When Joseph is rushed up from the dungeon, Pharaoh says to him: שָׁמַ֤עְתִּי עָלֶ֙יךָ֙ לֵאמֹ֔ר תִּשְׁמַ֥ע חֲל֖וֹם לִפְתֹּ֥ר אֹתֽוֹ “I have heard about you that for you to hear a dream is to tell its meaning.” Rashi is quick to point out that tishma halom, “hear a dream” doesn’t mean hear as in a function of the ear but hear as in pay heed to, pay attention to, understand. Just like when we say the Shema, Hear O Israel, Adonai our God Adonai is One, we’re not talking about our ears, we’re talking about our minds. We’re talking about using our minds to pay attention to something subtle and not obvious so as to understand it. Our understanding depends upon our capacity to pay attention. Our interpretation of events and our ability to act effectively in response to those events, depend on our ability to pay attention, which is interrelated with our ability to sleep.

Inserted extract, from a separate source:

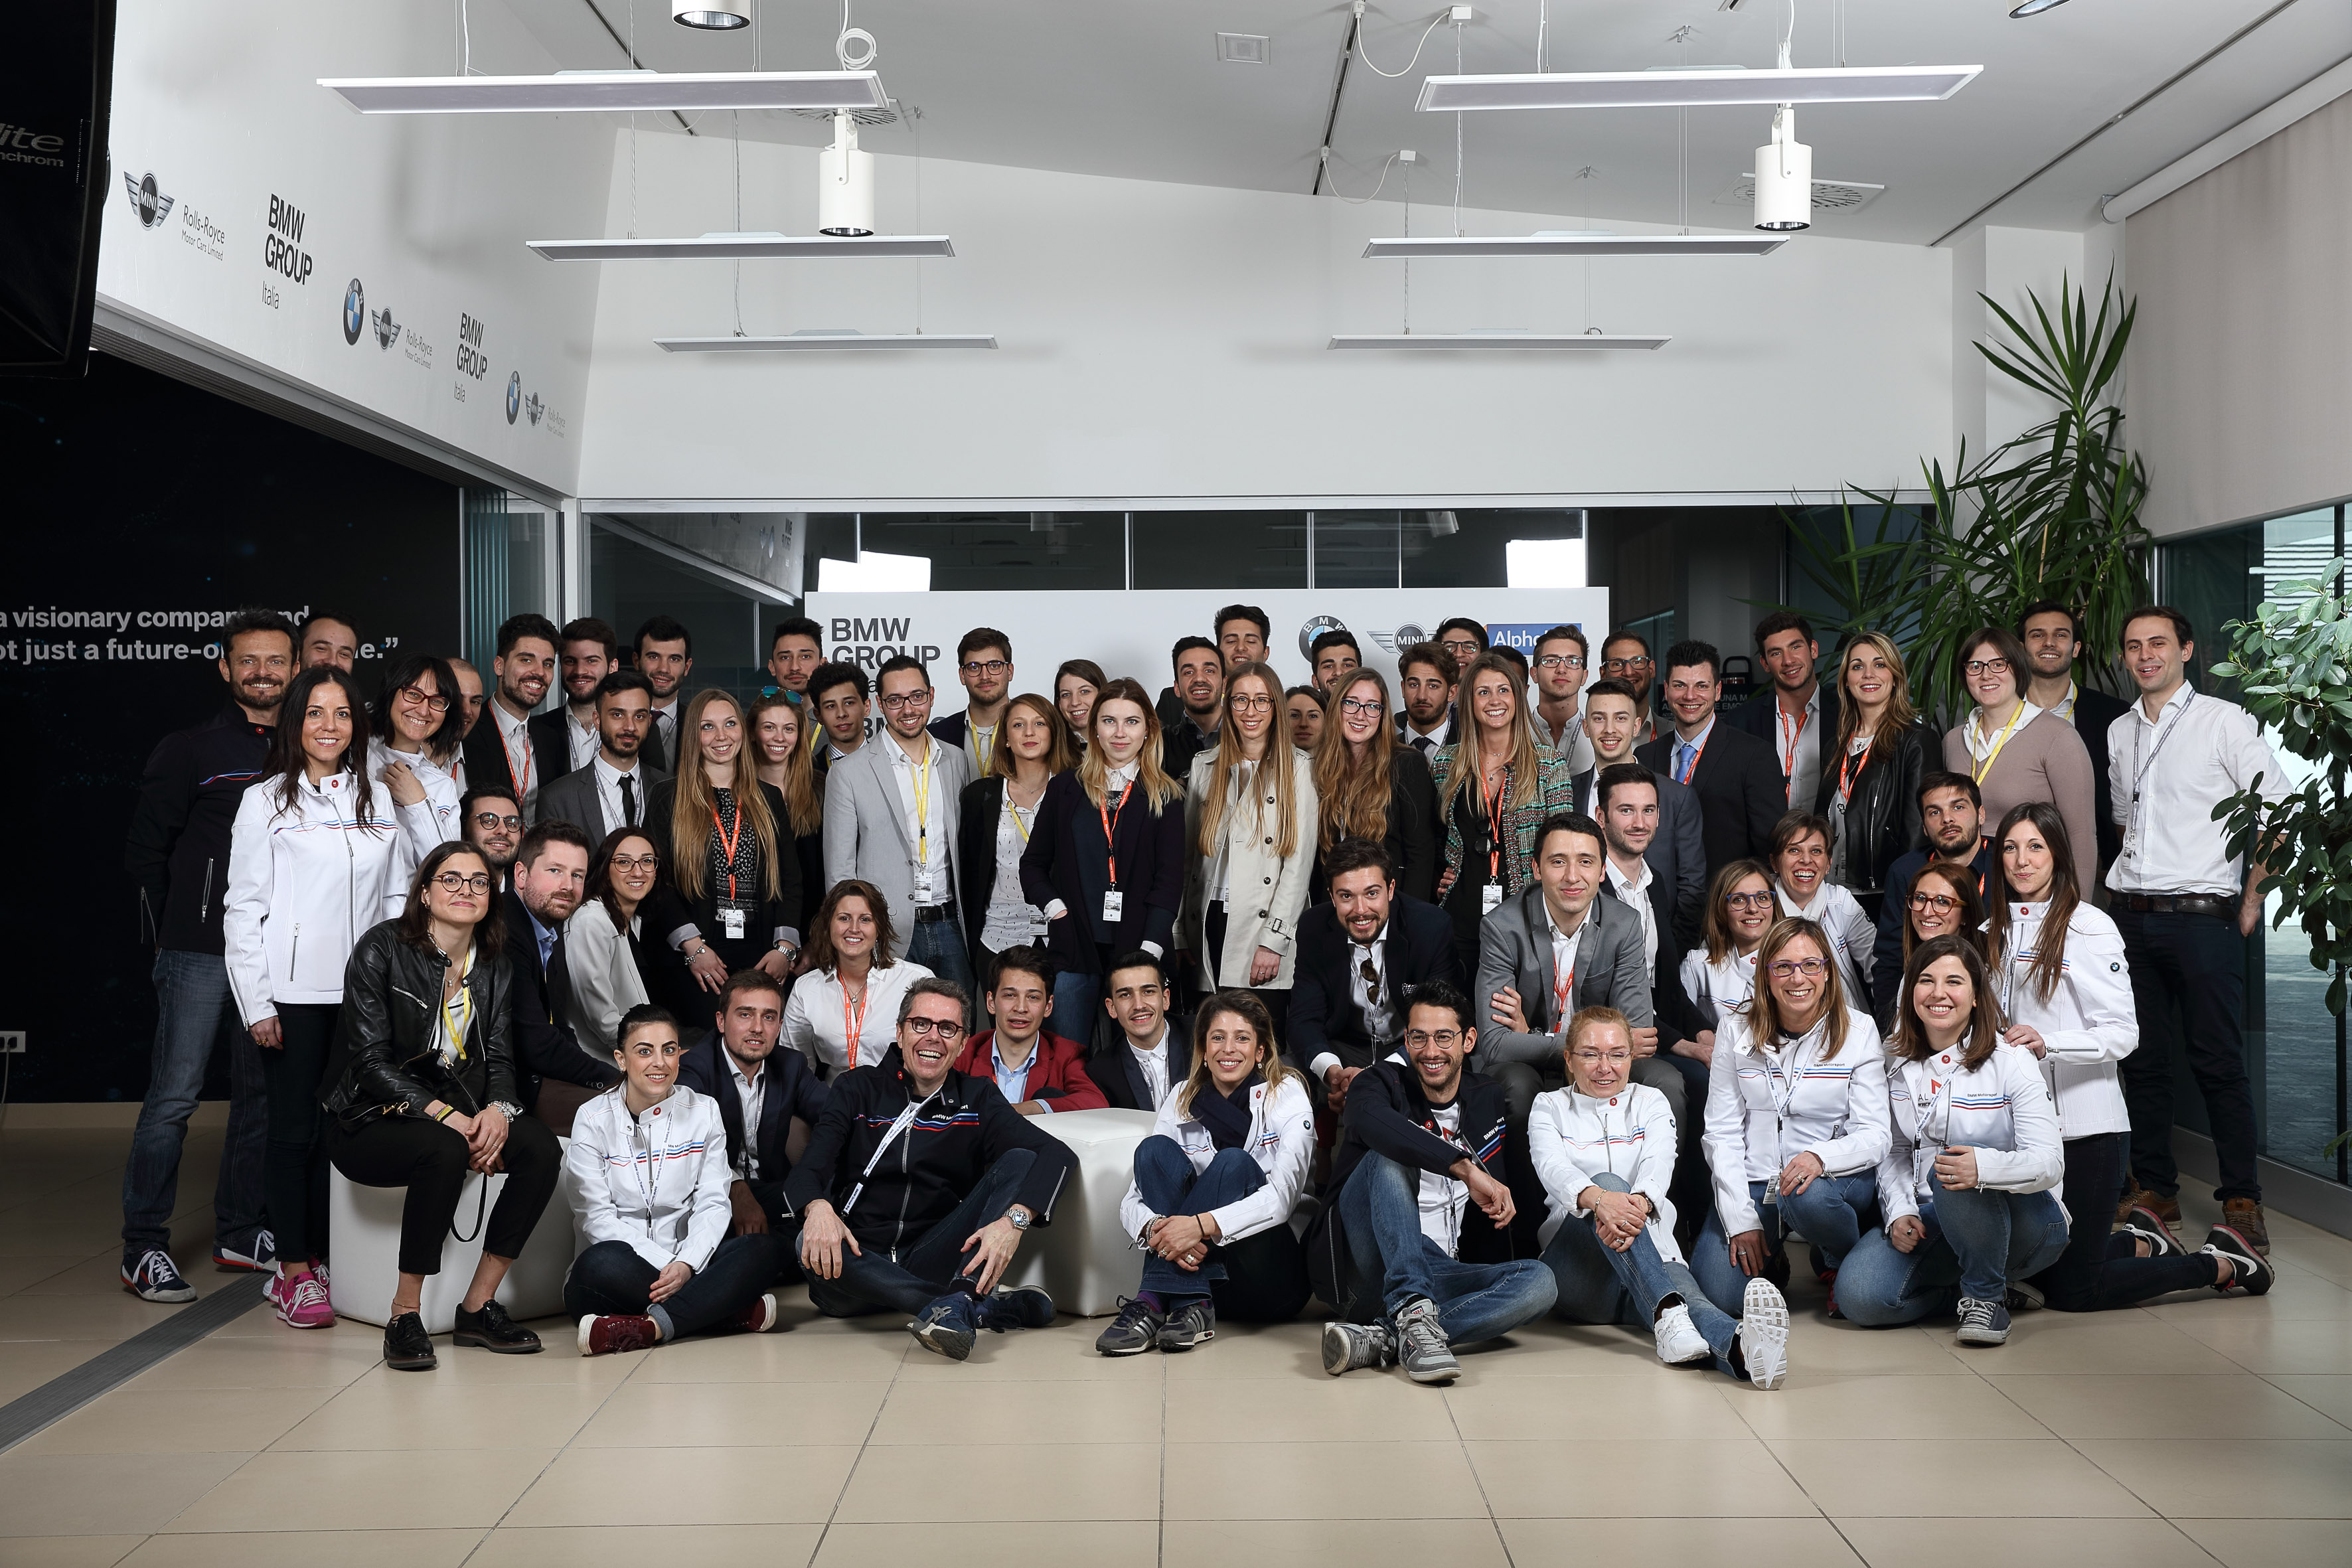 100 giovani studenti e neolaureati al primo BMW Group Italia Open Day. #BMWOpenday

I’ve also been reading and listening to Tricia Hersey of the Nap Ministry. Hersey is a Black woman theologian, writer, performance artist, and activist, who links sleep deprivation with capitalism and white supremacy. Her new book, Rest is Resistance, is out now. She says that the capitalism that comes out of chattel slavery is “the same system that is driving the entire globe to exhaustion and a deep disconnection with our bodies and minds today.” She also says, “Rest pushes back and disrupts a system that views human bodies as a tool for production and labor. It is a counter narrative. We know that we are not machines. We are divine.”

And this brings us to Shabbat and to Chanukah. Here we are on the seventh day. Our people knew from the very beginning, God knew from the very beginning, that rest was necessary for life, so necessary that it was built into creation itself. We have built our lives, our tradition, our religion around that idea and that rhythm, setting aside one in every seven days to remind ourselves of our own exhaustion and need to put down the tools of production, to remember what is most important and most conducive to life. If any people are set up to succeed at rest, with the structures and practices already laid out, it’s us. We don’t have to invent anything. We just have to follow the wisdom of our ancestors and our God. We could use this day every week to break our addiction to distraction and overstimulation, to sleep, and to recover who we really are.

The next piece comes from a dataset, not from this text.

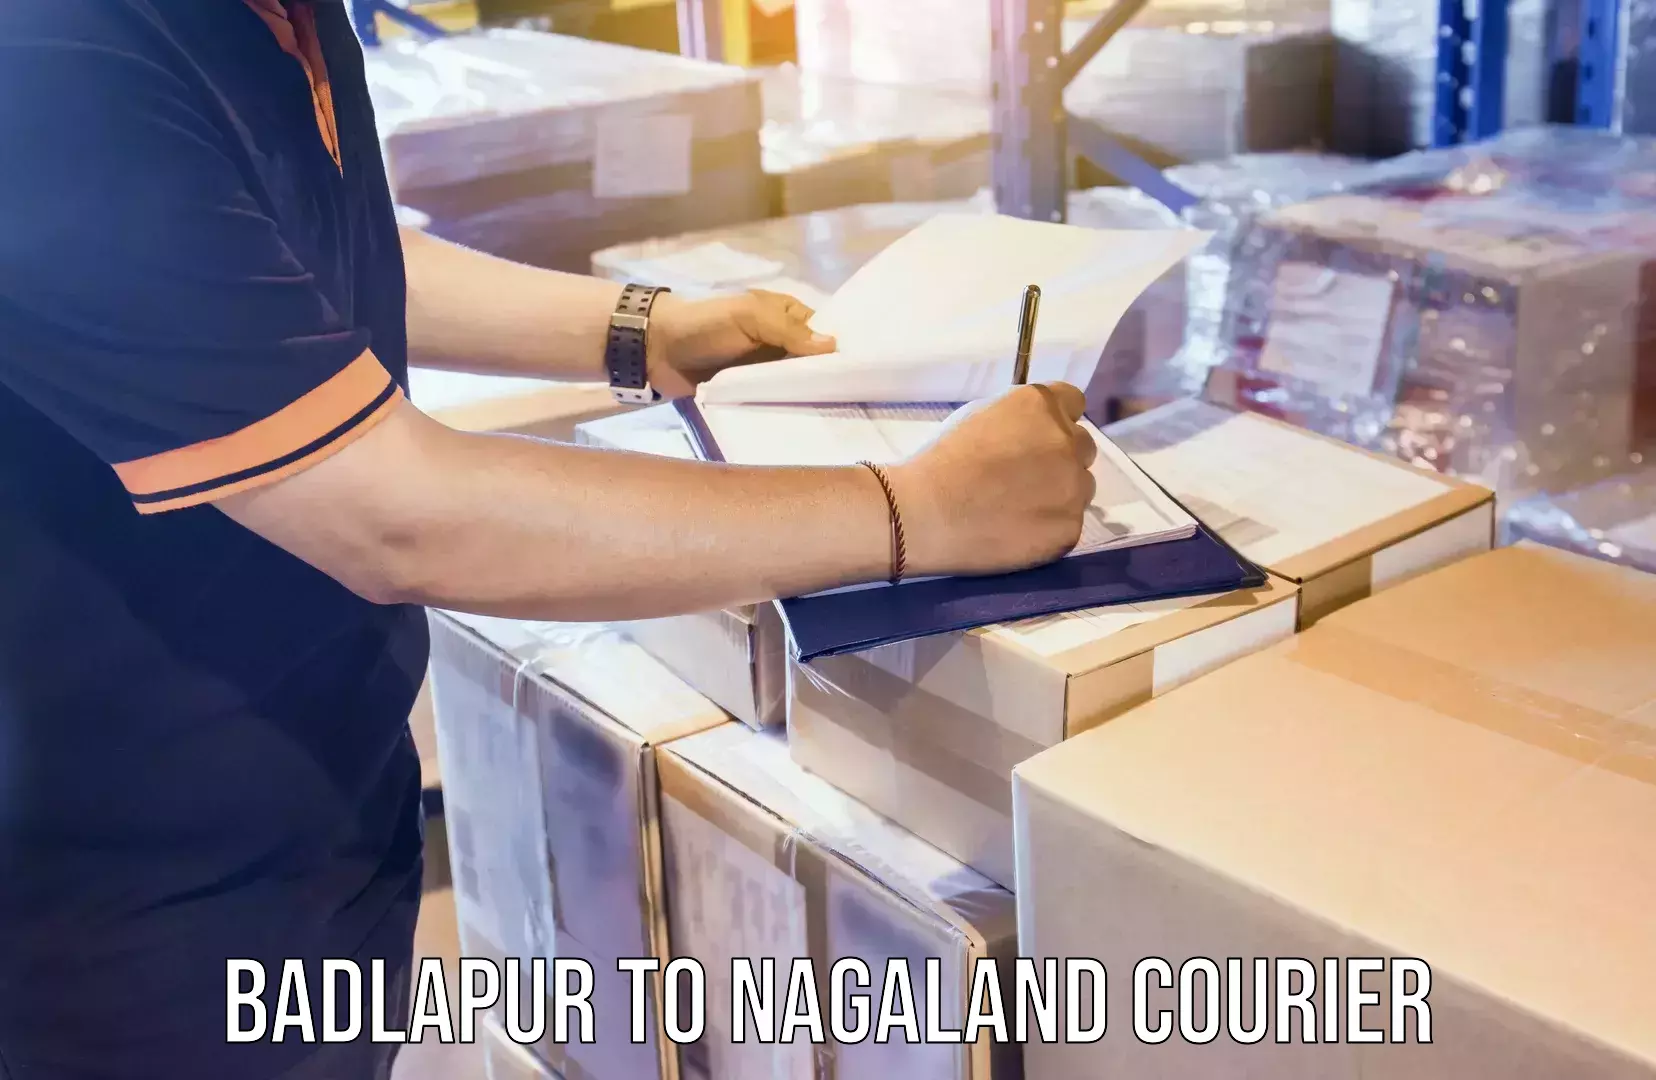 24/7 courier service Badlapur to Nagaland

And in the spirit of Chanukah, breaking our addiction to sleep deprivation, overstimulation, and distraction would be an act of resistance on par with the Maccabees. The dominant culture is harming us. It is actually killing us. In fact, in our time this may be the form of resistance that would be most significant to our quality of life, to our health, to social justice, and to the possibility of making decisions that give our grandchildren a future. Everything depends upon our ability to think.

So let’s reimagine Shabbat as a day of resistance, when we take back our God-given right to rest and build the power to break our addiction to distraction and overstimulation. And when we light our candles for the last two nights of Chanukah, that is something worth our dedication.